Sensory evaluation revealed that flavor is a vital fruit quality attribute relating to the refreshing perception of watermelon, an attribute linked with VOCs (Ramirez et al., 2020; Mandha et al., 2021). Comparative transcriptome analysis revealed ADHs genes: Cla97C01G013600, Cla97C05G089700, Cla97C01G001290 Cla97C05G095170, and Cla97C06G118330 enhanced flavor and aroma formation of ripened watermelon fruit (Gong et al., 2021). The reported genes condition the biosynthesis of VOCs 2,6-nonadienal, (E,Z); 2-non-enal, (E)-; 3,6-nonadien-1-ol, (E,Z)-; and 3-nonen-1-ol, (Z)-, respectively (Gong et al., 2021). Previous findings pinpointed that VOCs are main flavor-forming compounds in watermelon (Liu et al., 2012; Dima et al., 2014). Other ADHs genes such as Cla97C09G172570, Cla97C05G092340, Cla97C01G001290, and Cla97C08G152400 and lipoxygenase (LOX) gene (Cla97C06G115570) are reportedly linked to aroma and flavor development of the ripened watermelon fruit (Gong et al., 2021). Understanding the genes involved and its expressions in aroma and flavor development of watermelon fruit is useful in variety development.

Phytohormones of Sweet Watermelon Fruit

Phytohormones such as ethylene and ABA regulate watermelon fruit ripening and tissue degradation, thus influencing fruit quality and shelf life (Zhou et al., 2016; Wang et al., 2017). Transcriptome analysis revealed 22 genes conditioning ethylene biosynthesis and signaling pathway including ACC synthase (ACS), ACC oxidase (ACO), ethylene receptor (ETR), and ethylene-responsive factor (ERF).

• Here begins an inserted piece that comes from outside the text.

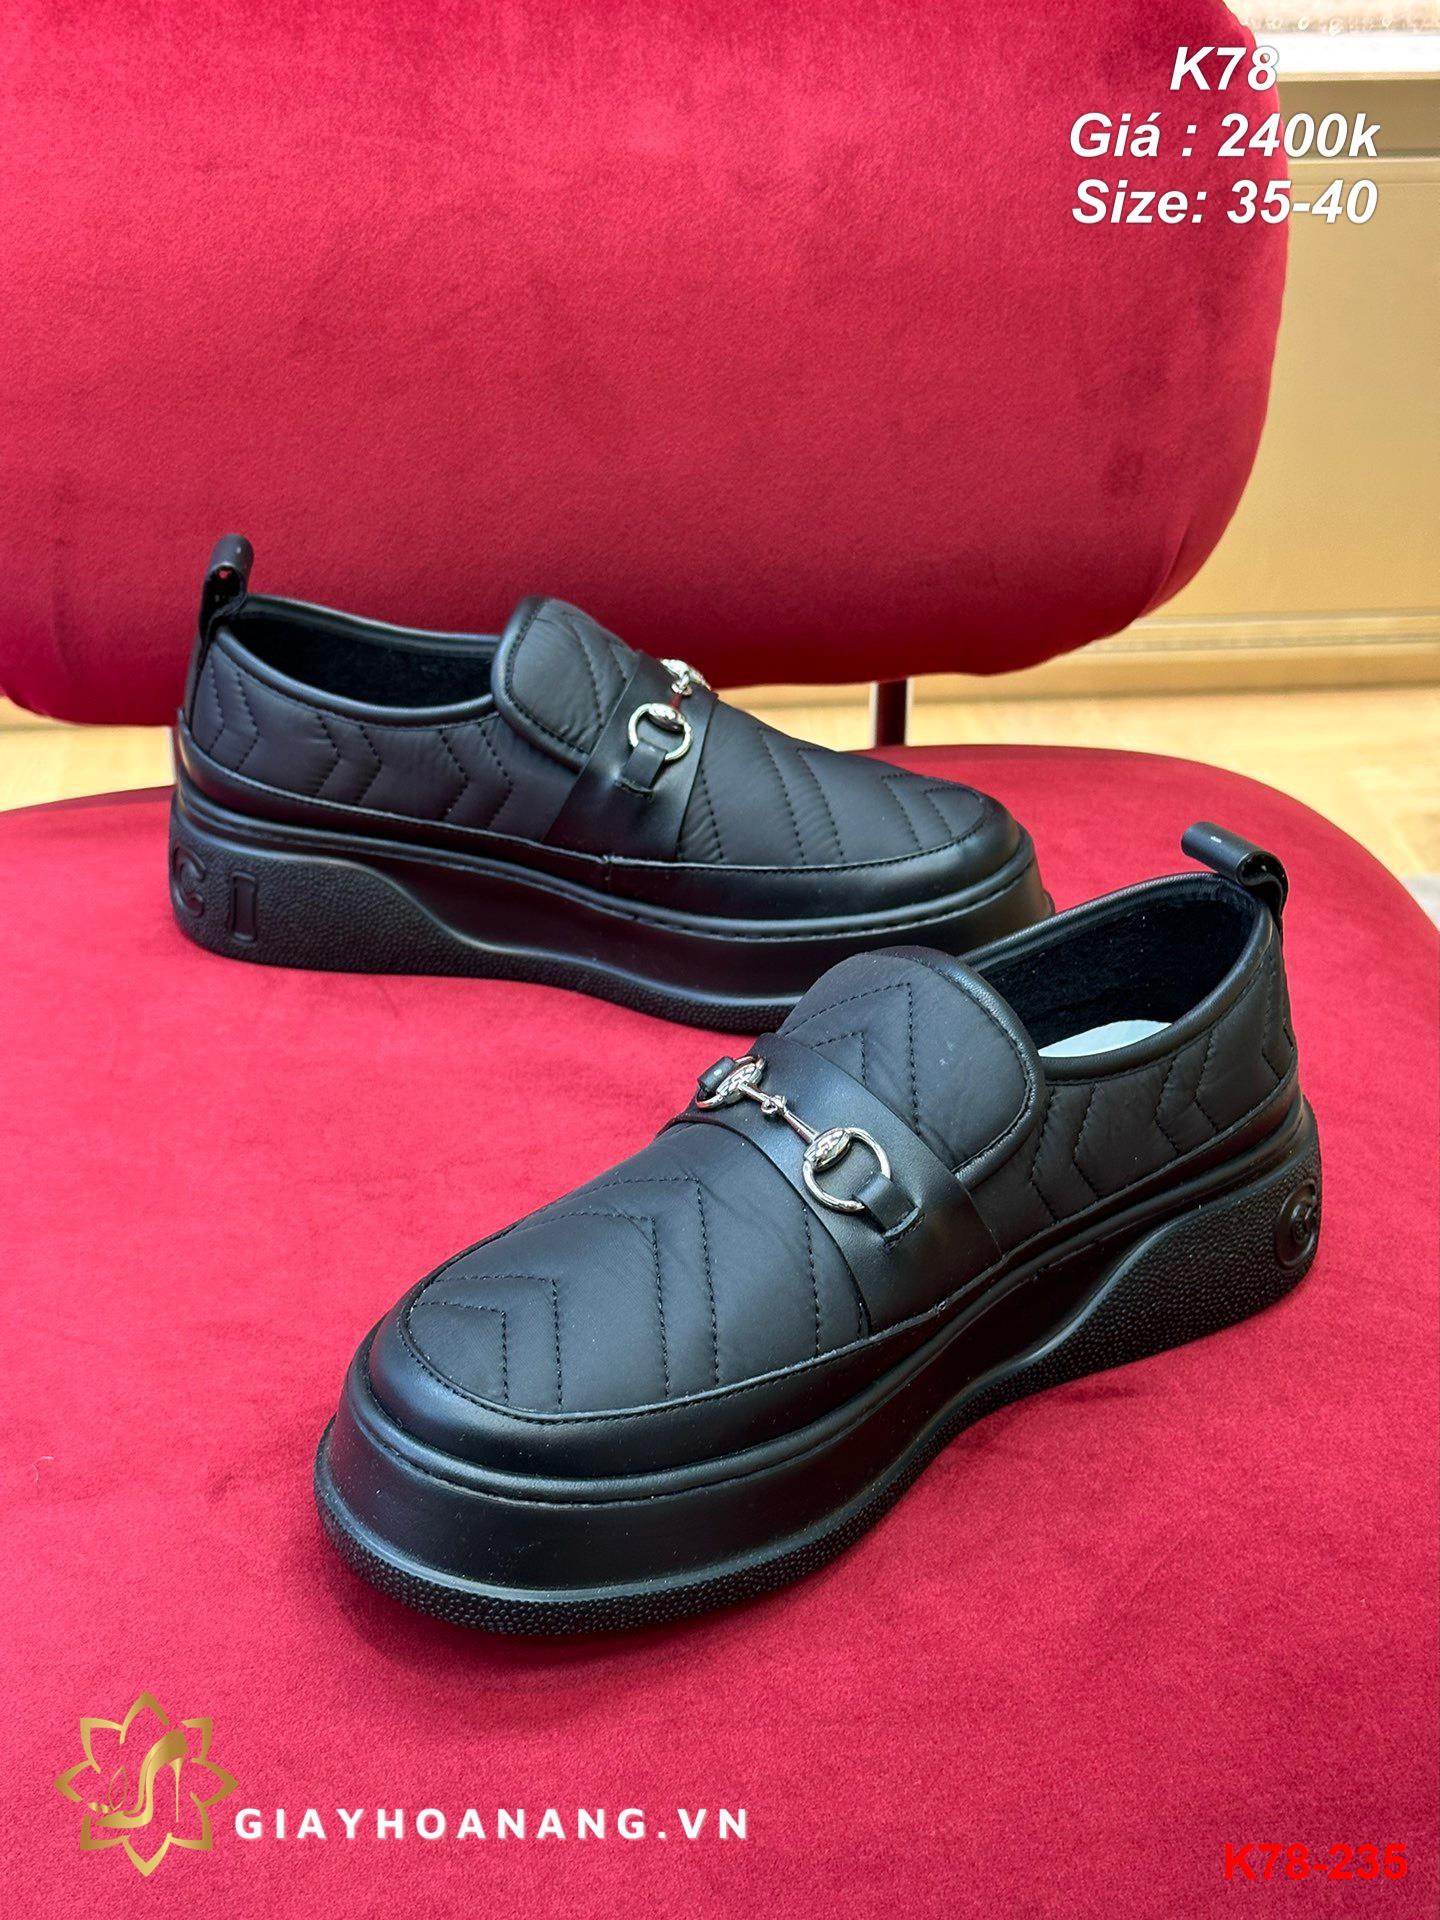 K78-235 Gucci giày lười siêu cấp

The genes regulate the production and accumulation of phytohormones in watermelon (Guo et al., 2015). ACS and ACO are key genes regulating ethylene biosynthesis (Guo et al., 2015). The ACS gene denoted as Cla011522 is highly expressed during watermelon fruit development and ripening, making it the most important gene regulating ethylene biosynthesis. The following ACS genes: Cla000483, Cla006245, Cla006634, Cla011230, Cla014057, Cla014652, and Cla022653 showed a relatively low expression levels playing vital roles in ethylene biosynthesis (Guo et al., 2015). ACO genes namely: Cla018620 and Cla018621 are reportedly involved in regulating endogenous ethylene biosynthesis (Guo et al., 2015). ACS (i.e., Cla022653 and Cla011522), and ACO (i.e., Cla014827 and Cla016287) genes induce increased ethylene accumulation in watermelon fruit (Zhou et al., 2016). An ethylene receptor gene Cla021550 with low expression during fruit development and ripening is associated with decreased ethylene biosynthesis (Guo et al., 2015).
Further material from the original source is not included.